Tuesday, December 28, 2004
Guilt & Inadequacies...yup
Why I've been given this gift
So much I cannot understand
Even more for which I do not feel deserving
Made mistakes and erred often
Taken when I should've given
Wronged when I should've righted
Cried when I should've laughed
Raged when I should've loved
I should be more.
A better mother, women, spirit, friend,
daughter, sister, grand-daughter, neice,
lover, partner, giver, receiver, activist,
optimist, realist, macro thinker,
micro thinker, child of peace, student of earth.
I should be more spiritual.
Gain more knowledge, consume less, more indepandant, less vulnerable.
Minimal emotion, more logic.
Pick a side of the fence instead of the forever gray area?
Care for my body, heart, mind, soul.
Embrace more magic and state of mind.
Not strong, smart, or honest enough.
More integrity, naive little child.
Drug addict, poverty stricken welfare recipeint.
Not pretty enough, thin enough, nurturing enough.
Lazy days and no energy.
Not living my passion in my job, in life education.
I'm not living up to my potential.
These voices argue with guilt and thoughts of inadequacies.
They tell me I've done wrong.
That I owe them, I've gone astray.
I should be more of this and less of that.
I am simply not enough.
I've forced some of this unto myself, it's true.
My own worst enemy. Harsher on my own heart than any other.

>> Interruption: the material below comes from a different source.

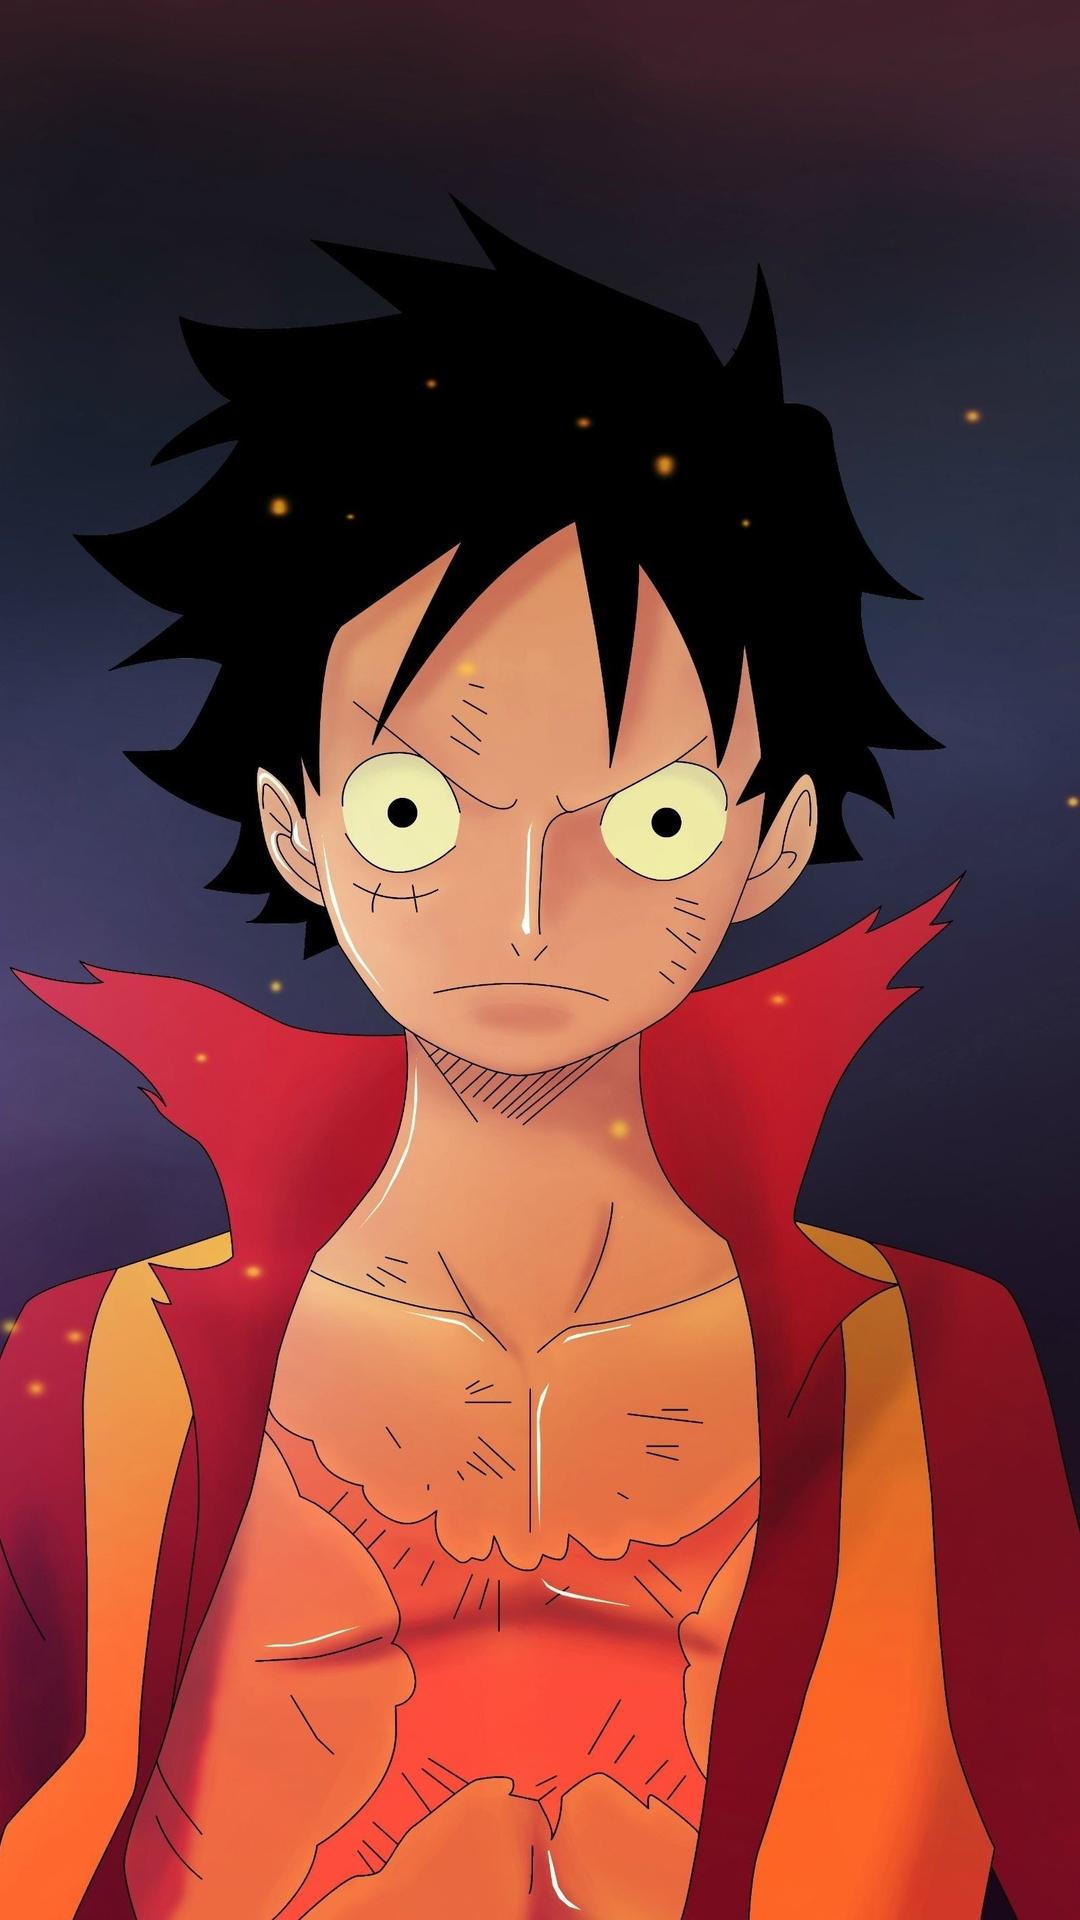 Monkey D Luffy One Piece 4k Ln

What a cliche. I know why I do it. Now tell me why you do it.
Even more, some outsiders have tried to force this unto me.
They see that I am, but an open book.
Where every symbol of my self-development and growth and identity,
Become topic for gossipy discussion and attempts at manipulation.
Comical that I now scoff at this sort of attempt and judgements.
Not because I am not open to growth or the wisdom of others or myself.
Not becuase I do not see the value of accepting all perspectives.
Allowing the patience, space, tolerance and love I wish for us all.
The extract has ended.